Overseas, athletes play in arenas. 

“Everywhere else I’ve been for hockey they have hockey arenas. We obviously play here and it’s just a skating rink, but it’s not like that there. They don’t just do skating for fun, they just do hockey,” Taylor said. 

The practice was needed to help compete internationally as Team USA doesn’t afford the same amount of funding to its roller hockey team as other countries do, meaning the team itself can’t practice together as often as other teams. 

“A lot of these other national teams, they’re either from smaller countries where the whole team pretty much lives in one city or they have better funding. I know like Colombia and Chile, I’m pretty sure they usually fly to the location of the tournament like a month prior, whether it’s the men’s or the women’s or the juniors, and they train together,” Taylor said. 

The next roller hockey tournament Team USA plans on competing will be in Italy in 2024, and Taylor added there are plans to try to have the team meet up in Colorado before for full team practices. 

“If we go through with that I think we could do a lot better,” Taylor said. 

At the most recent tournament in Argentina, Team USA dominated its division, though it was a lower division. The team defeated other international teams from Egypt, Uruguay, Mexico, South Africa and New Zealand. Aside from winning the Challengers Cup, the team earned the opportunity to move up to a higher division at the next tournament. 

“It was crazy to win the whole division. We got a lot of popularity from that and just being able to hold the trophy up as a team and celebrate was an amazing  feeling,” Taylor said. 

Despite being far from local, Taylor and his teammates were adored by the locals who loved the sport, with fans even cheering for them in the streets. 
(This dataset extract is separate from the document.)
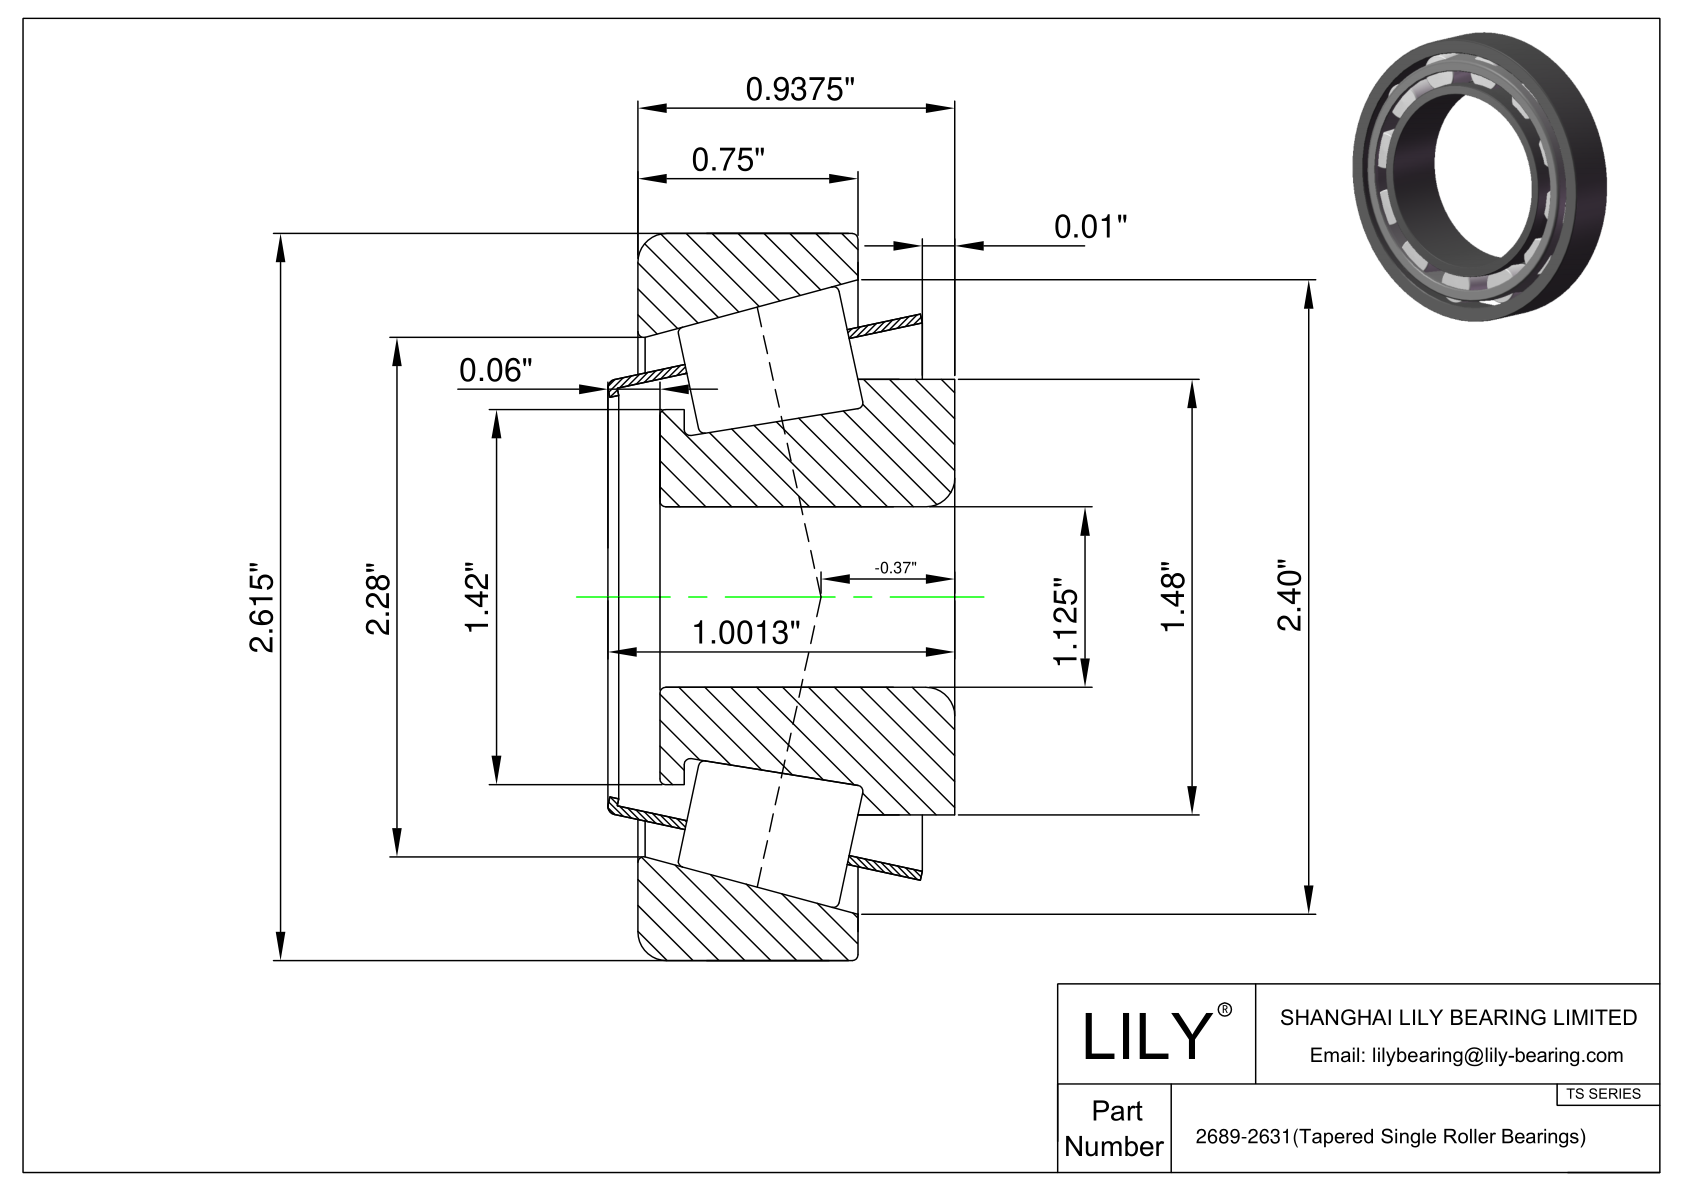 2689-2631 TS (Tapered Single Roller Bearings) (Imperial) cad drawing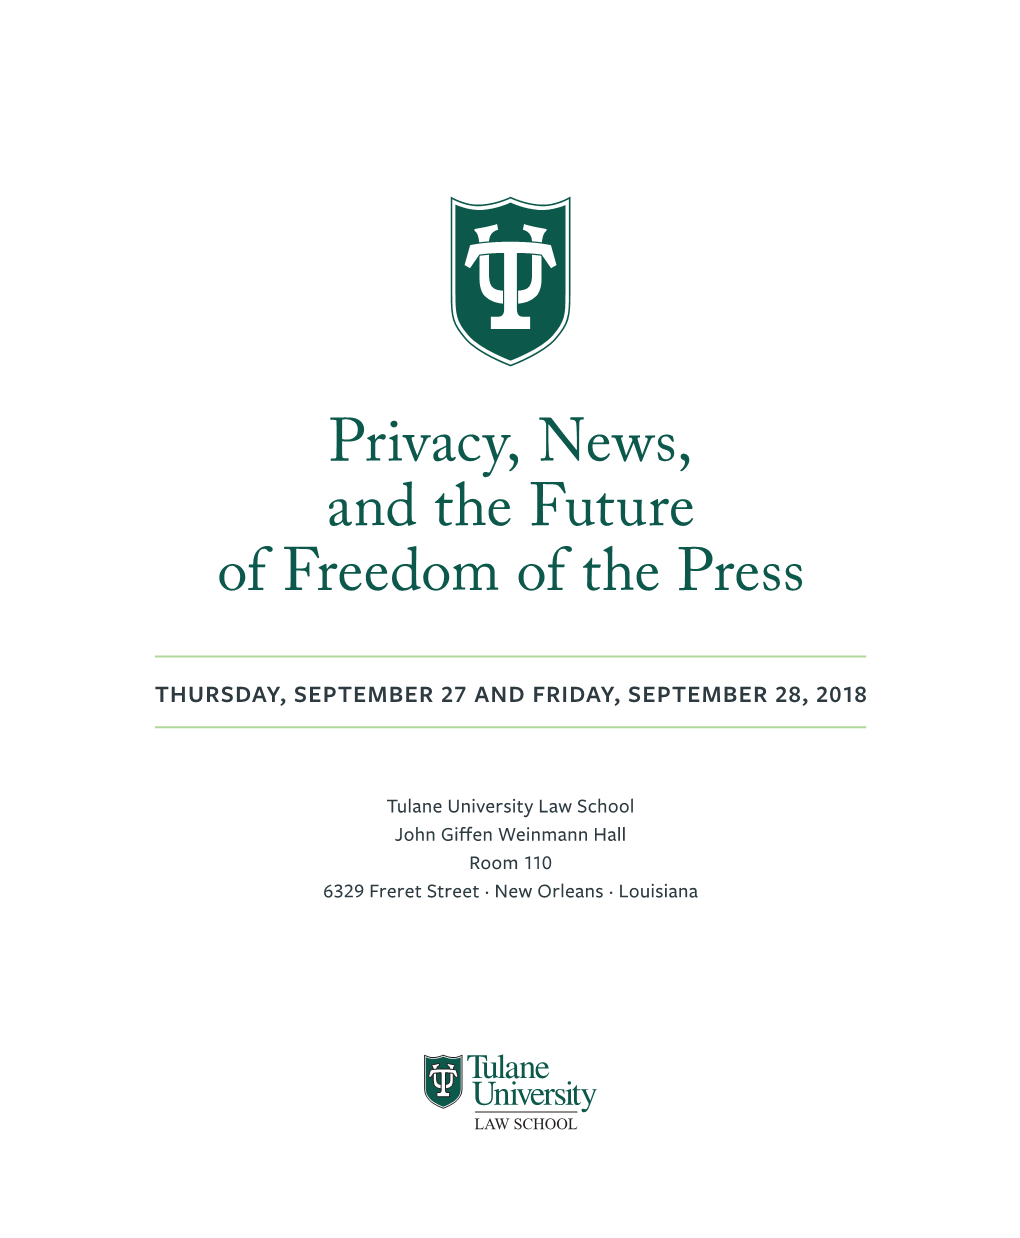 Privacy, News, and the Future of Freedom of the Press

“They would walk down the streets and people would just start yelling ‘USA USA’, just going out and getting dinner. USA is big there even though they were in the lower division, they love USA players,” Locy said. 

Strangers would walk up to them at restaurants to ask to take pictures with them. 

“San Juan is the biggest place for roller hockey in the world. Going there and being part of a national team you feel like a celebrity,” Taylor said. 

For Locy, it was also a point of pride to see her son compete for Team USA. 

“Seeing your son in USA gear and hearing the national anthem, you get emotional,” Locy said. 

She added that even just being with the team in Argentina people would ask for her autograph too, though she would just sign it as “team mom.” 

This was the first time Taylor had played on the adult team, as he recently became too old to play for the juniors team. 

Seeing the popularity the sport already has abroad, Taylor is now aiming to grow its popularity in the United States.


The Centralia Sharks

In October, Taylor helped bring back the Centralia Sharks, a local roller hockey club that meets every Saturday morning from 8:30 to 10:30 at the Centralia Rollerdrome for practice sessions. The club was forced to stop holding practices during COVID-19 but Taylor, along with Team USA teammate and Centralian Corbin Gross and Team USA coach Brian Stallman, restarted it. 

They hope to help foster the sport’s popularity locally and get more kids playing it at a younger age. 

Locy explained that she had Taylor in skates by the time he was 1 year old, but he didn’t start actually playing roller hockey until he was around 11 years old. 

“I started at around 10 or 11 years old, which in terms of all the other countries that’s pretty late. They’ll start kids out playing hockey at around 3 years old,” Taylor said. 

As a child, he excelled at speed skating and won seven gold medals in tournaments by the  time he was 5 years old. His speed is what helped him catch up with other hockey players despite not having actually played the sport as long as they had. 

“I’m known as one of the faster players,” Taylor said. 

Taylor wanted to help kids interested in the sport here learn the fundamentals faster. 

At this past Saturday’s practice, 10 kids participated and were split up into two groups based on skill level. The two-hour practice session featured drills on passing, dribbling and shooting and ended with a four-on-four scrimmage game. 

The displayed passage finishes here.